Hypothenar hammer syndrome (HHS) is a vascular occlusion in humans in the region of the ulna. It is caused by repetitive trauma to the hand or wrist (such as that caused by the use of a hammer) by the vulnerable portion of the ulnar artery as it passes over the hamate bone, which may result in thrombosis, irregularity or aneurysm formation.

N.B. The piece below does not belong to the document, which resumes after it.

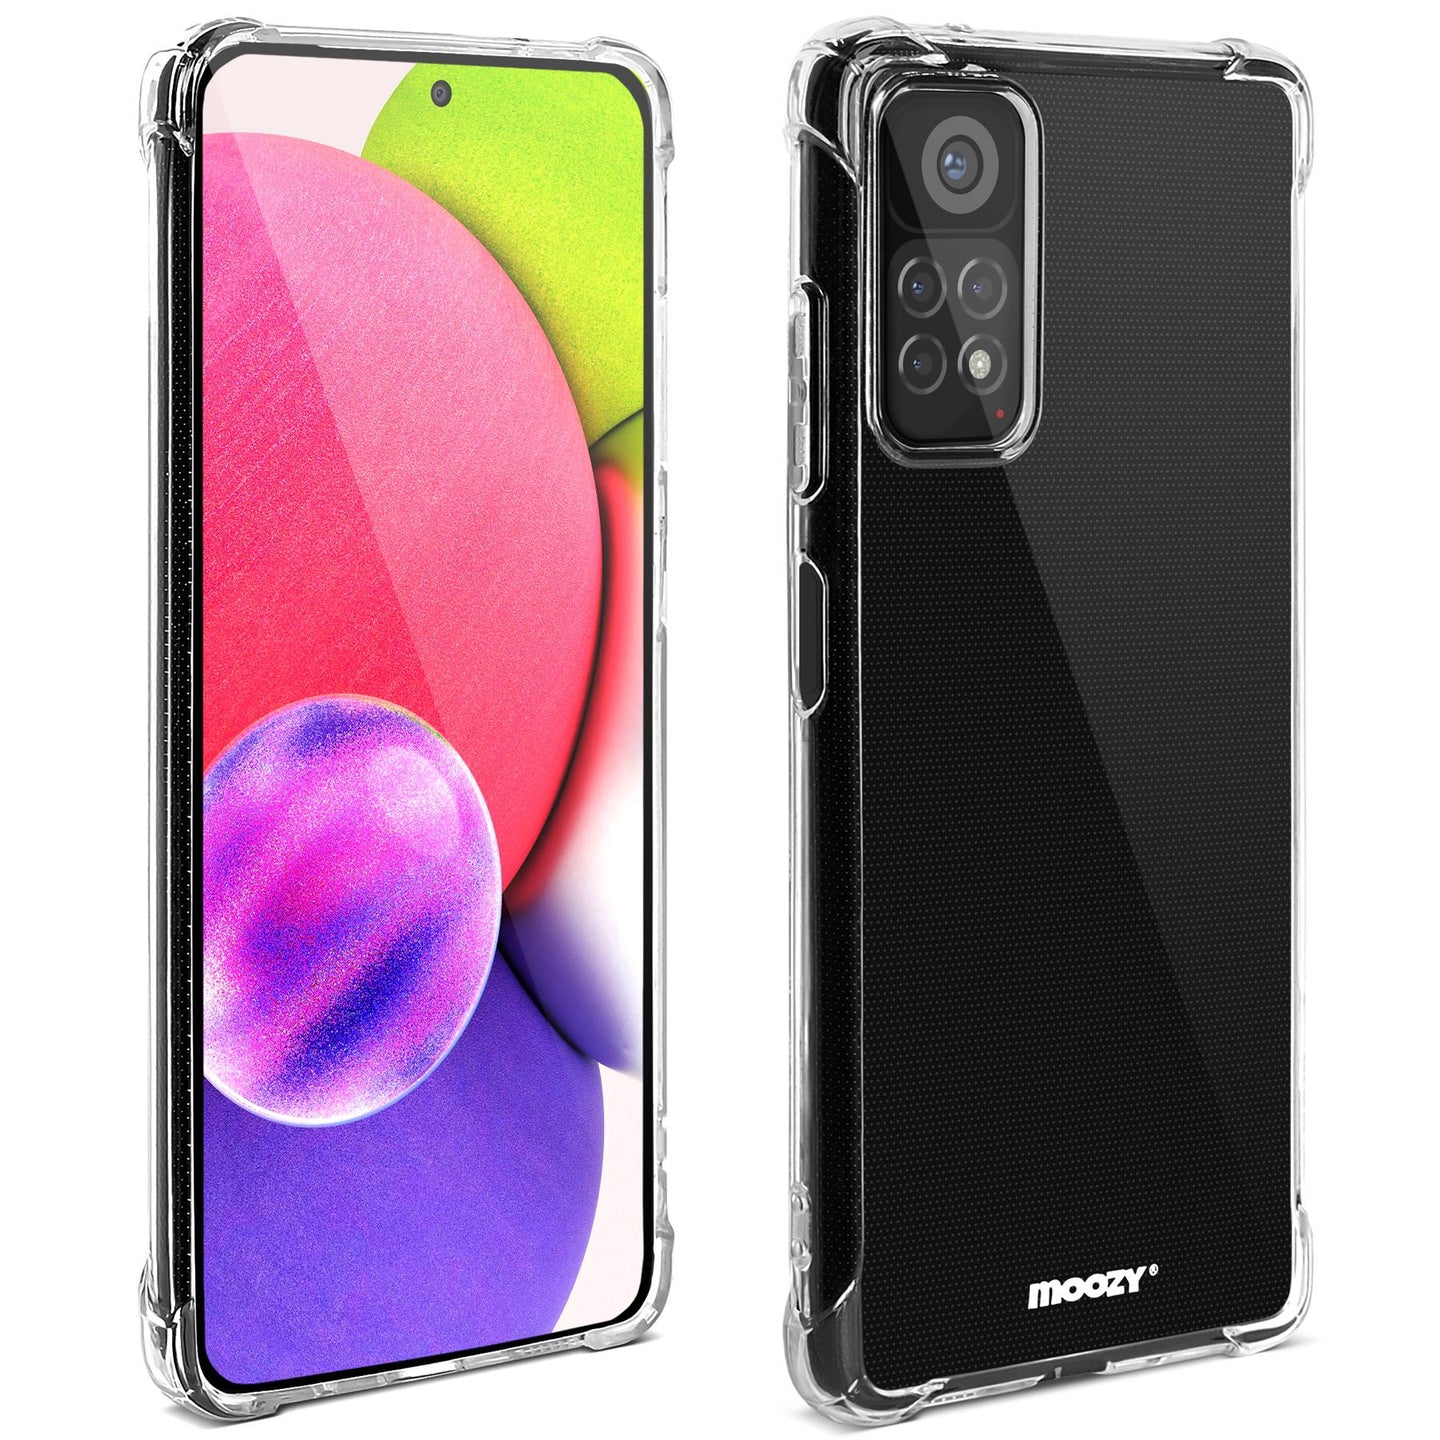 Moozy Shockproof Silicone Case for Xiaomi Redmi Note 11 Pro 5G and 4G - Transparent Case with Shock Absorbing 3D Corners Crystal Clear Protective Phone Case Soft TPU Silicone Cover
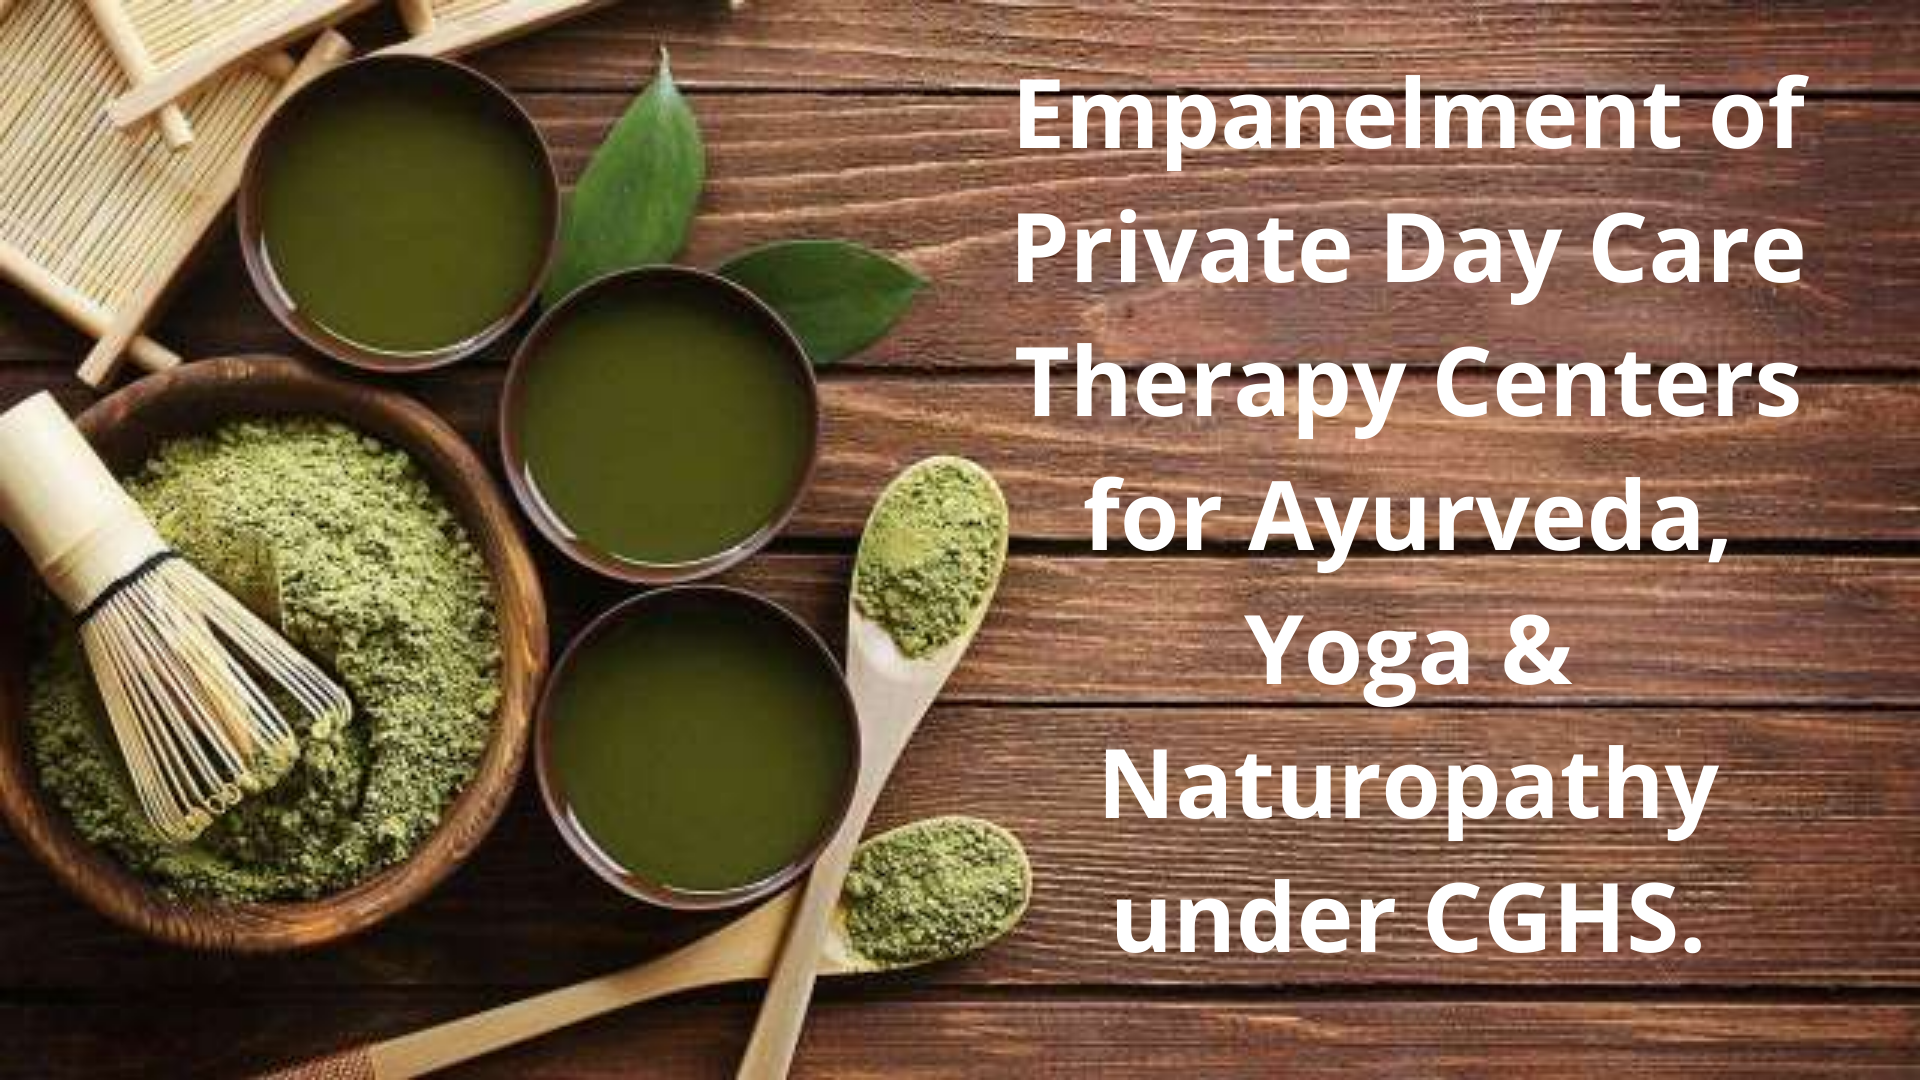 Empanelment of Private Day Care Therapy Centers for Ayurveda, Yoga & Naturopathy under CGHS Delhi / NCR

HHS is a potentially curable cause of Raynaud's syndrome, distinct from hand–arm vibration syndrome.

Cause

Diagnosis
A physical examination of the hand may show discoloration (blanching, mottling, and/ or cyanosis; gangrene  may be present in advanced cases), unusual tenderness/ a callous over the hypothenar eminence, and fingertip ulcerations and splinter hemorrhages over ulnar digits; if an aneurysm is present, there may also be a pulsatile mass.  Allen's test will be positive if an occlusion is present and negative if an aneurysm is present.  An angiogram may show a "corkscrew" ulnar artery or an occlusion or aneurysm at the hook of the hamate.

Treatment
Noninvasive treatments have an 80% success rate; Example: switch jobs, stop smoking, regular finger exercise, surgical options exist for other instances.

Epidemiology
HHS, though rare, occurs much more frequently in men than in women (9:1) and principally affects those in their 40s and 50s.